On 10/8/20 12:06 PM, Derek Lesho wrote:
> 
> On 10/8/20 11:33 AM, Zebediah Figura wrote:
>> On 10/7/20 3:19 PM, Derek Lesho wrote:
>>> On 10/7/20 1:53 PM, Zebediah Figura wrote:
>>>> On 10/7/20 9:58 AM, Derek Lesho wrote:
>>>>> On 10/6/20 9:58 PM, Zebediah Figura wrote:
>>>>>> On 10/6/20 10:59 AM, Derek Lesho wrote:
>>>>>>> +        if (position->vt != VT_EMPTY)
>>>>>>> +        {
>>>>>>> +            GstEvent *seek_event = gst_event_new_seek(1.0,
>>>>>>> GST_FORMAT_TIME, GST_SEEK_FLAG_FLUSH,
>>>>>>> +                    GST_SEEK_TYPE_SET, position->u.hVal.QuadPart /
>>>>>>> 100, GST_SEEK_TYPE_NONE, 0);
>>>>>>> +            GstSample *preroll;
>>>>>>> +
>>>>>>> +            gst_pad_push_event(stream->my_sink, seek_event);
>>>>>>> +
>>>>>>> +            /* this works because the pre-seek preroll is already
>>>>>>> removed by media_source_constructor */
>>>>>>> +            g_signal_emit_by_name(stream->appsink, "pull-preroll",
>>>>>>> &preroll);
>>>>>>> +            if (preroll)
>>>>>>> +                gst_sample_unref(preroll);
>>>>>> What is the point of doing this?
>>>>> To wait for the flush to complete.  What is the point of waiting for the
>>>>> flush to complete?  To ensure we don't send any MEMediaSample events
>>>>> from before the seek after MESourceSeeked.
>>>> I don't think this is necessary; I don't think a flush can be
>>>> asynchronous, nor a seek.
>>> Interesting, so gst_pad_push_event blocks until the seek event is
>>> handled, but I'm not sure if this is before or after the flush start
>>> event has been propogated downstream, as what we're really waiting for
>>> is appsink to receive that and invalidate all buffered samples.  I'll
>>> look into this and if just waiting for gst_pad_push_event to return
>>> suffices, I'll remove the hack.
>> A flushing seek sends both FLUSH_START and FLUSH_STOP events downstream.
> Yes
>> Moreover, on further examination, why do you need to wait for this at
>> all?
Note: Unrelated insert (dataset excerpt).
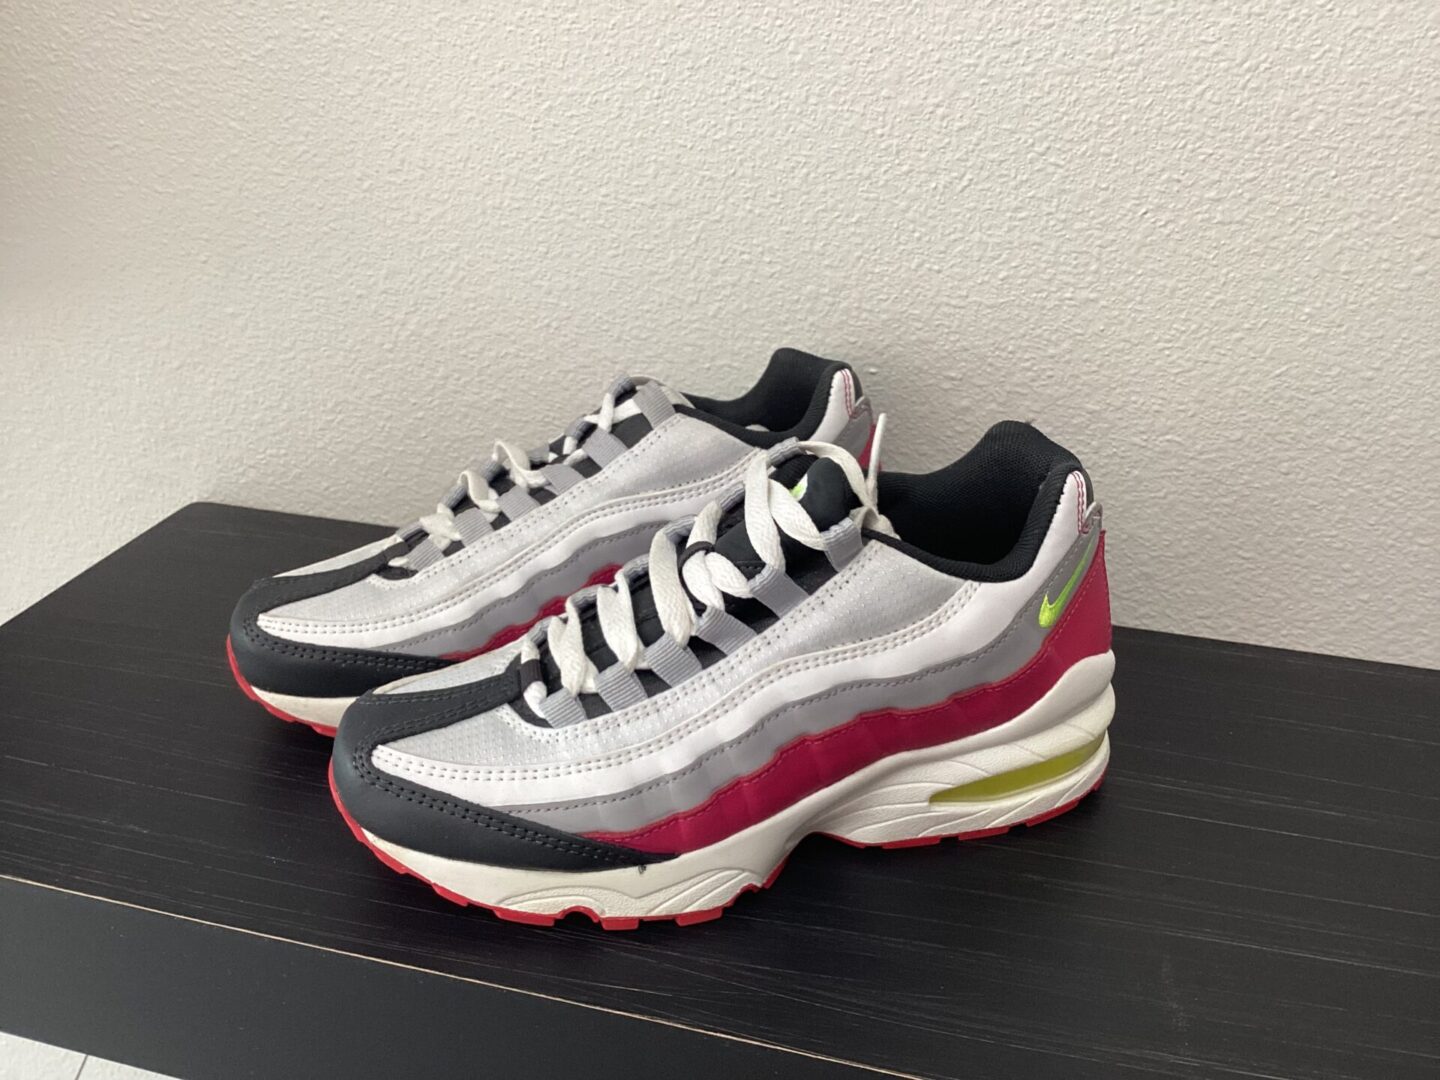 A pair of Pre-Owned NIKE-Airmax 95 with gray, white, and maroon accents on a black shelf against a white wall.

The flushing seek explicitly guarantees that stale samples will be
>> discarded; even if the event delivery were itself asynchronous, you're
>> not sending samples as soon as you get them, but rather only when the
>> application requests them, so as far as I can see the MEStreamSeeked
>> (&c.) events sent by this function will still be serialized with respect
>> to MEMediaSample events.
> Yes, my only concern would be for when we send the seek event, then
> proceed to a ::RequestSample call, which then calls pull-sample before
> the seek-start event reaches the appsink.  This would cause a pre-seek
> buffer from the appsink's queue to be returned.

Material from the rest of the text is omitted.